Taco Bell's 'Fry Force' Is About One Thing: Hope
Enjoy those sweet Nacho Fries … or fry alone
“Either we fight together … or we fry alone!”
We’d argue millennials have always been sensitive to nostalgia. But it’s getting worse as we age, especially now that anything resembling a pre-Covid moment feels like the first time Offred walks into Jezebel’s in The Handmaid’s Tale.
Our friends at Taco Bell and Deutsch LA make use of this generational vulnerability with “Fry Force.” It’s the brand’s first anime campaign, melodramatic in a 1980s morning-cartoon kind of way.
Here’s the mock trailer, which went live on July 23:
The spot features known anime talent, like actress Karen Fukahara and VTuber Gwar Gura. It was hand-drawn by animators led by Luca Vitale and Kylie Matulick, Psyop directors with anime experience.
“Fry Force” is a promotion for the return of Taco Bell’s Nacho Fries, themselves a culturally popular throwback. The ad follows Rei, who heads the Fry Force, dedicated to protecting the world from monsters addicted to Mexican spices. Taco Bell says Rei is “driven by the disappearance of her brother and vows to protect the world to what it holds dear: Nacho Fries. But in order to save the future of the fan-favorite menu item, she will be forced to confront her past.”

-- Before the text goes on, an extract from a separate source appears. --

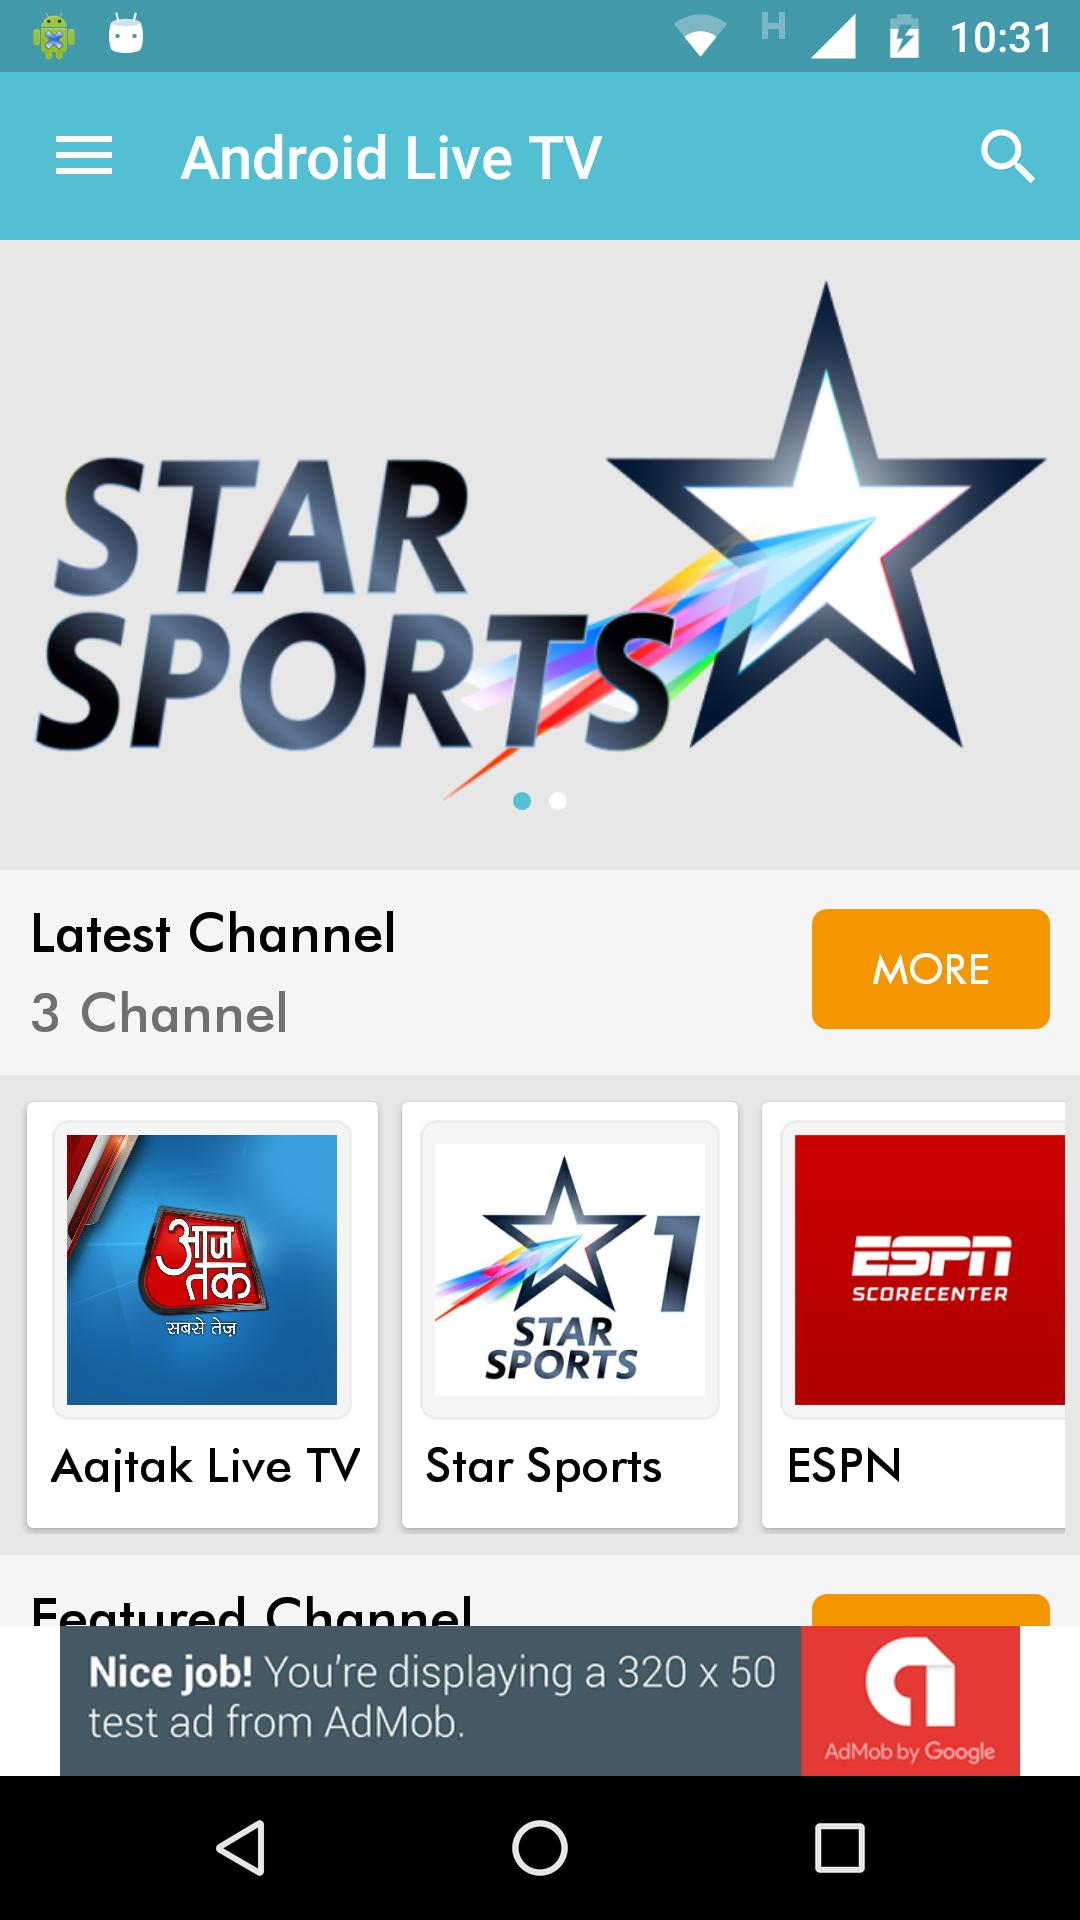 viavi top 5 android apps bundle tv radio wallpaper mp3 videos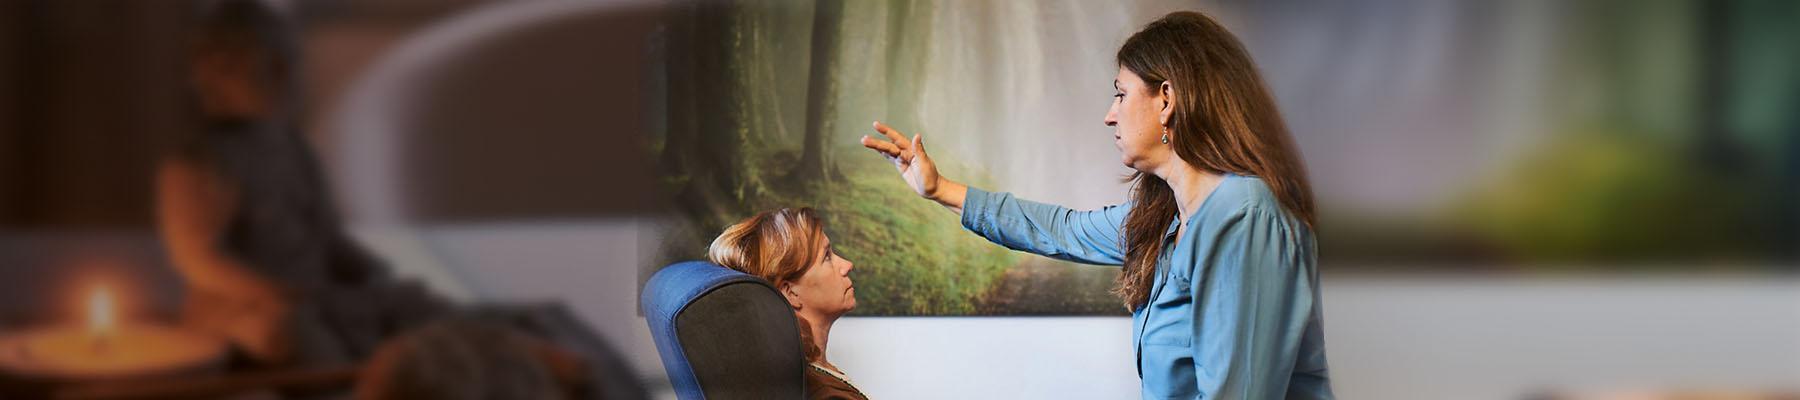 Praxis für Hypnose Hannover, Jasmin Thiele

Rei uses fewer words to describe her mission. At one point in the trailer, a disembodied voice asks, “So, what’s your story?”
“Guess I’m just hungry,” she replies.
“For what?”
“Hope.”
In the 1993 film Demolition Man, the protagonist John Spartan is lifted from cryogenic sleep 36 years into the future, where, in 2032, he discovers Taco Bell is the one restaurant to survive the Franchise Wars—making it the only place where people can eat out. While the Taco Bell of the (now very near) future has clearly scaled up in the story’s lore, the fact that Taco Bell becomes our last respite of communal public dining is an inherently bleak subtext.
In a way, “Fry Force” can be read as counter-propaganda to this idea. Maybe the brand’s benevolent decision to bring Nacho Fries back, using ’80s-style anime as the vehicle, is its way of saying, Chin up, everybody. There’s a silver lining in this dystopia.